- _Information provided_:
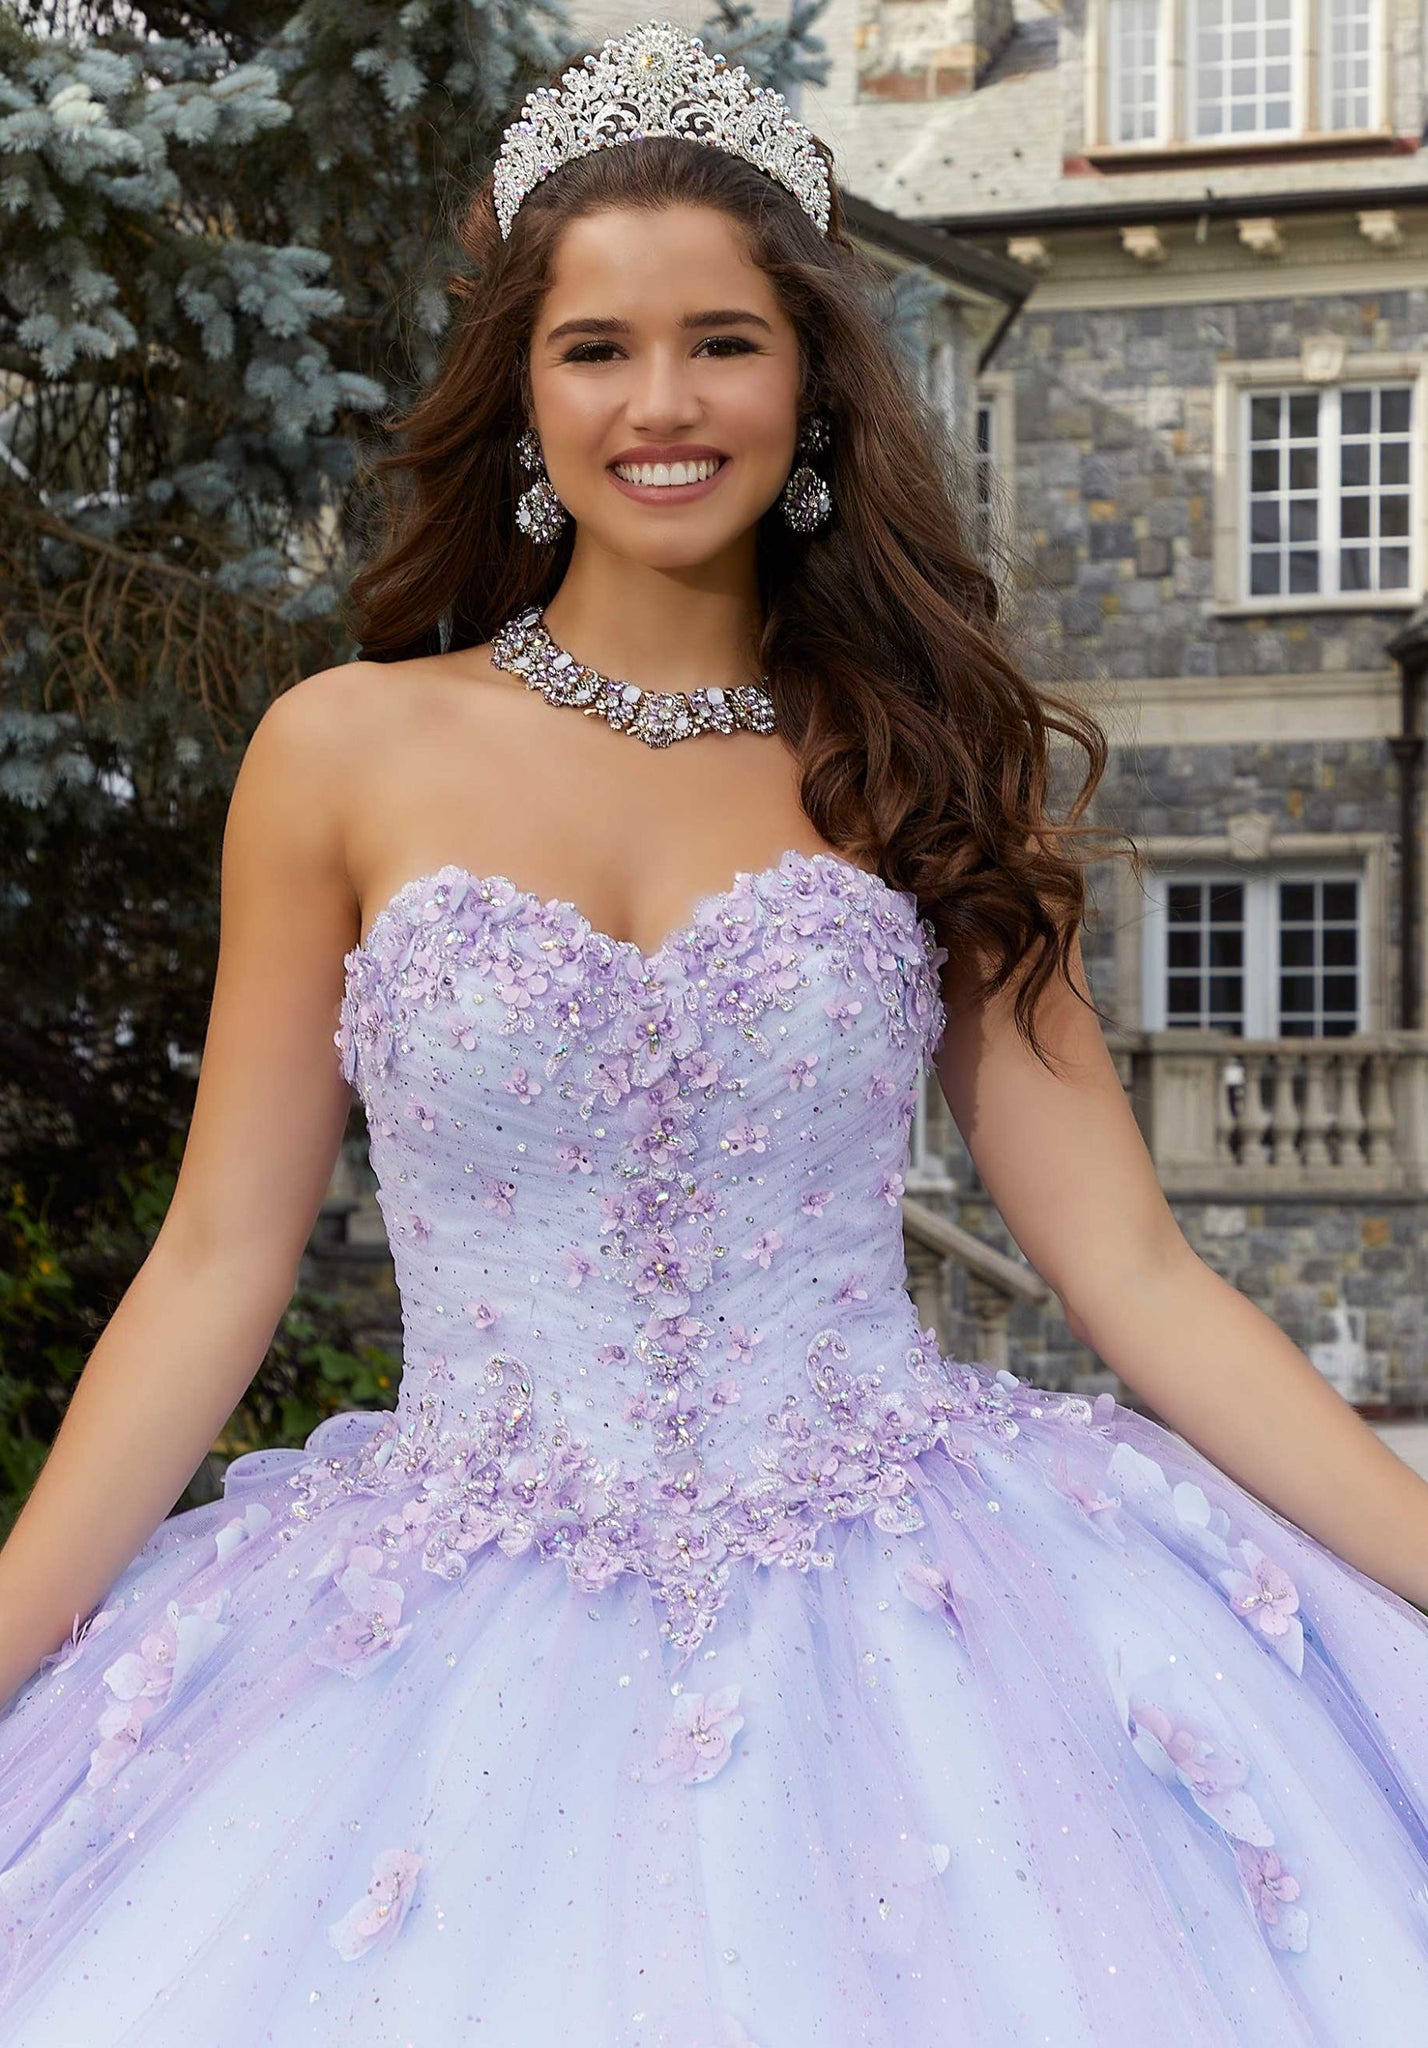 Glitter Tulle Quinceañera Dress with Three-Dimensional Floral Appliqués
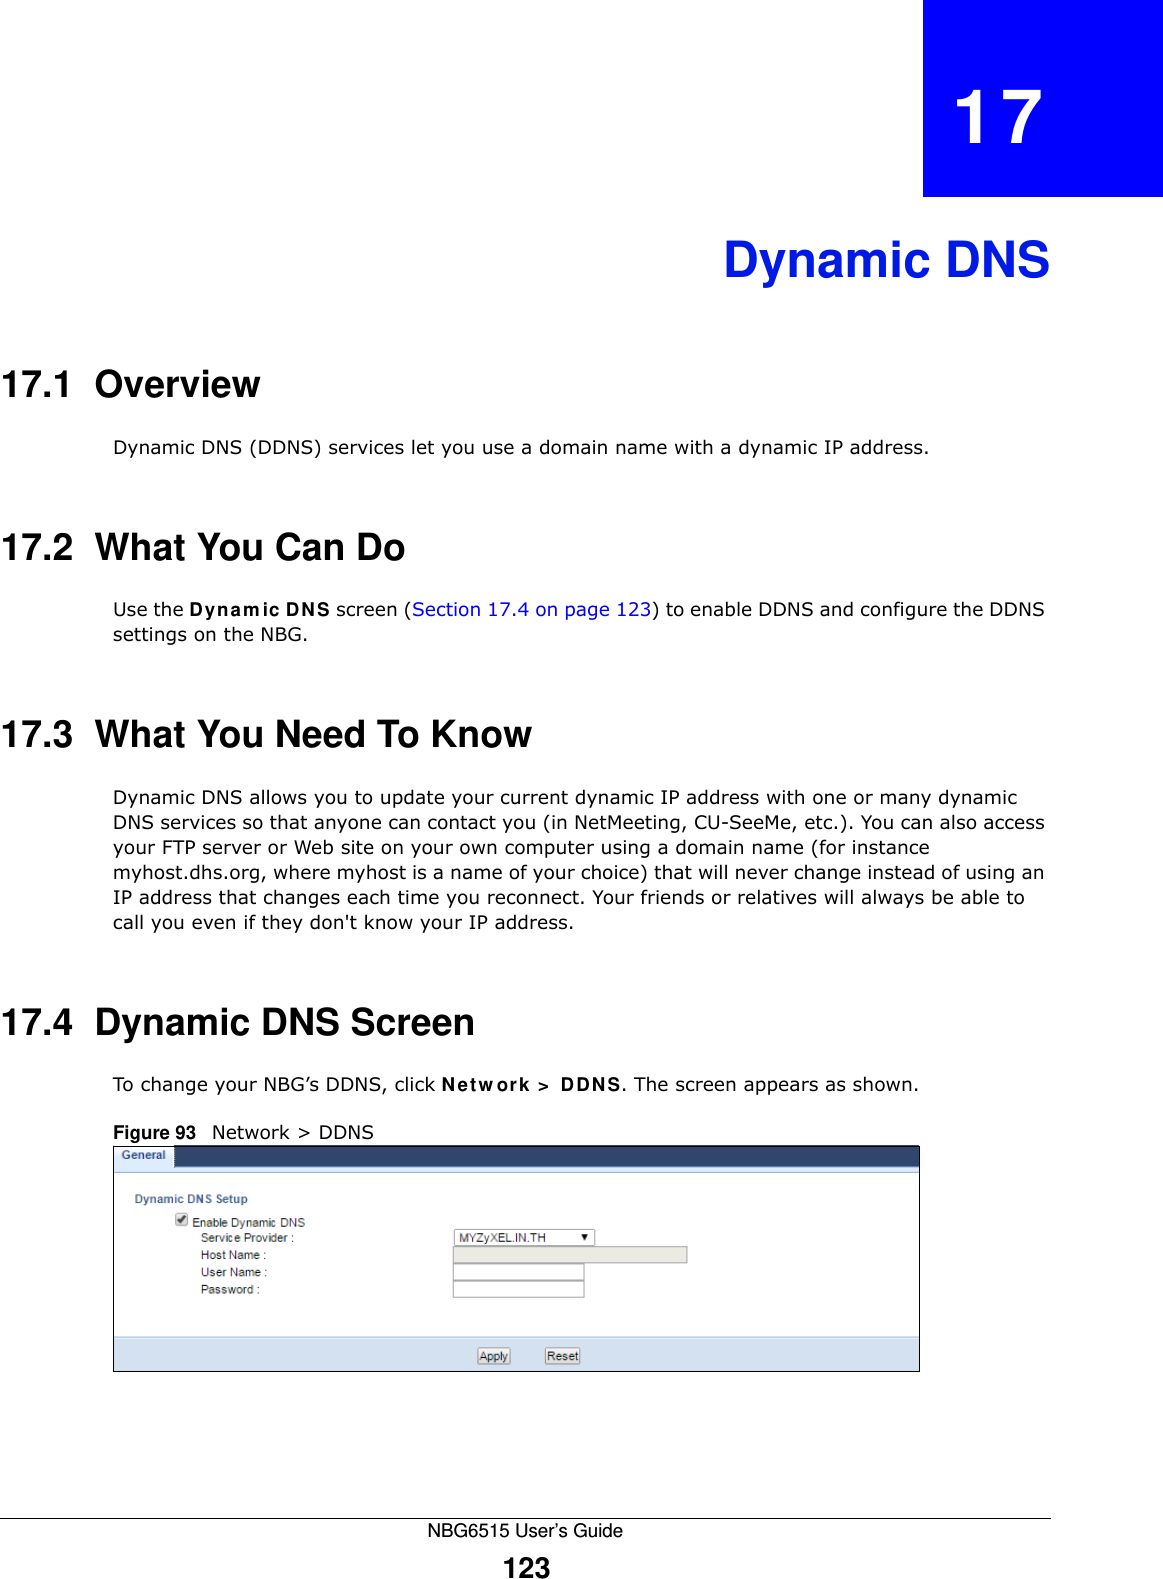 NBG6515 User’s Guide123CHAPTER   17Dynamic DNS17.1  Overview Dynamic DNS (DDNS) services let you use a domain name with a dynamic IP address.17.2  What You Can DoUse the Dynamic DNS screen (Section 17.4 on page 123) to enable DDNS and configure the DDNS settings on the NBG.17.3  What You Need To KnowDynamic DNS allows you to update your current dynamic IP address with one or many dynamic DNS services so that anyone can contact you (in NetMeeting, CU-SeeMe, etc.). You can also access your FTP server or Web site on your own computer using a domain name (for instance myhost.dhs.org, where myhost is a name of your choice) that will never change instead of using an IP address that changes each time you reconnect. Your friends or relatives will always be able to call you even if they don&apos;t know your IP address.17.4  Dynamic DNS Screen   To change your NBG’s DDNS, click Network &gt; DDNS. The screen appears as shown.Figure 93   Network &gt; DDNS
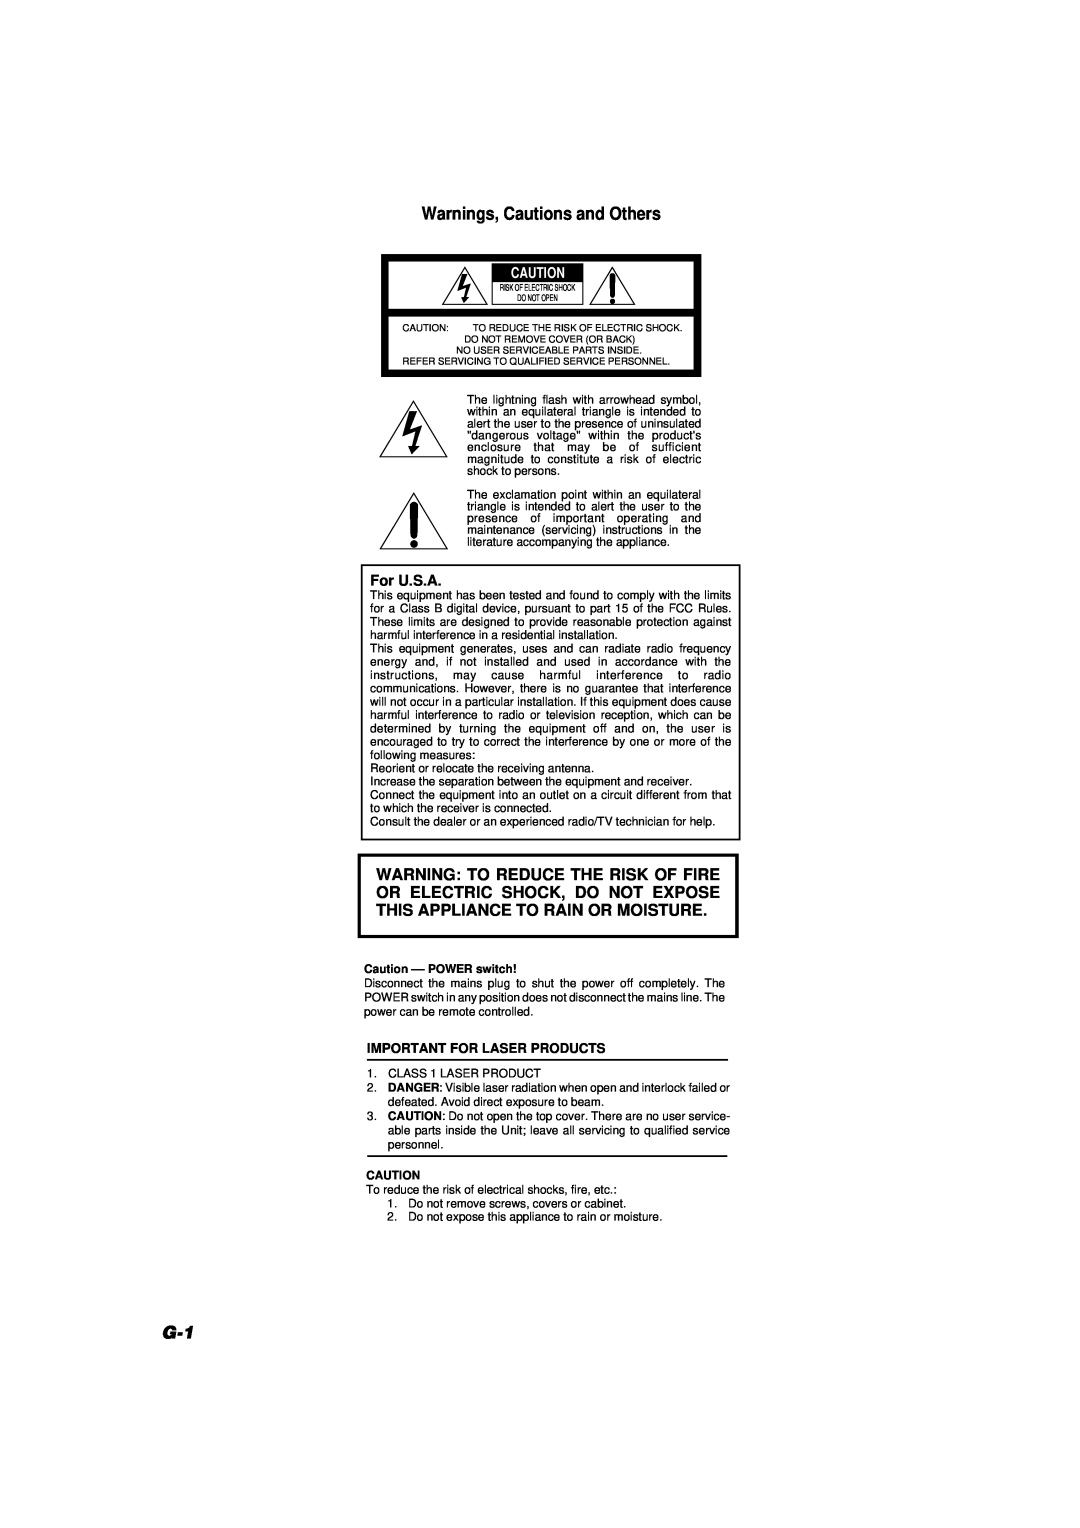 JVC TH-A10 manual For U.S.A, Warnings, Cautions and Others, Important For Laser Products, Caution --POWER switch

- _What the exercise asks_:
Return exactly the lines starting at the line with "NBG6515 User’s Guide123CHAPTER" and ending at the last line of the listing, both ends included; pictures are to be left out.

- _Output_:
 NBG6515 User’s Guide123CHAPTER   17Dynamic DNS17.1  Overview Dynamic DNS (DDNS) services let you use a domain name with a dynamic IP address.17.2  What You Can DoUse the Dynamic DNS screen (Section 17.4 on page 123) to enable DDNS and configure the DDNS settings on the NBG.17.3  What You Need To KnowDynamic DNS allows you to update your current dynamic IP address with one or many dynamic DNS services so that anyone can contact you (in NetMeeting, CU-SeeMe, etc.). You can also access your FTP server or Web site on your own computer using a domain name (for instance myhost.dhs.org, where myhost is a name of your choice) that will never change instead of using an IP address that changes each time you reconnect. Your friends or relatives will always be able to call you even if they don&apos;t know your IP address.17.4  Dynamic DNS Screen   To change your NBG’s DDNS, click Network &gt; DDNS. The screen appears as shown.Figure 93   Network &gt; DDNS
 JVC TH-A10 manual For U.S.A, Warnings, Cautions and Others, Important For Laser Products, Caution --POWER switch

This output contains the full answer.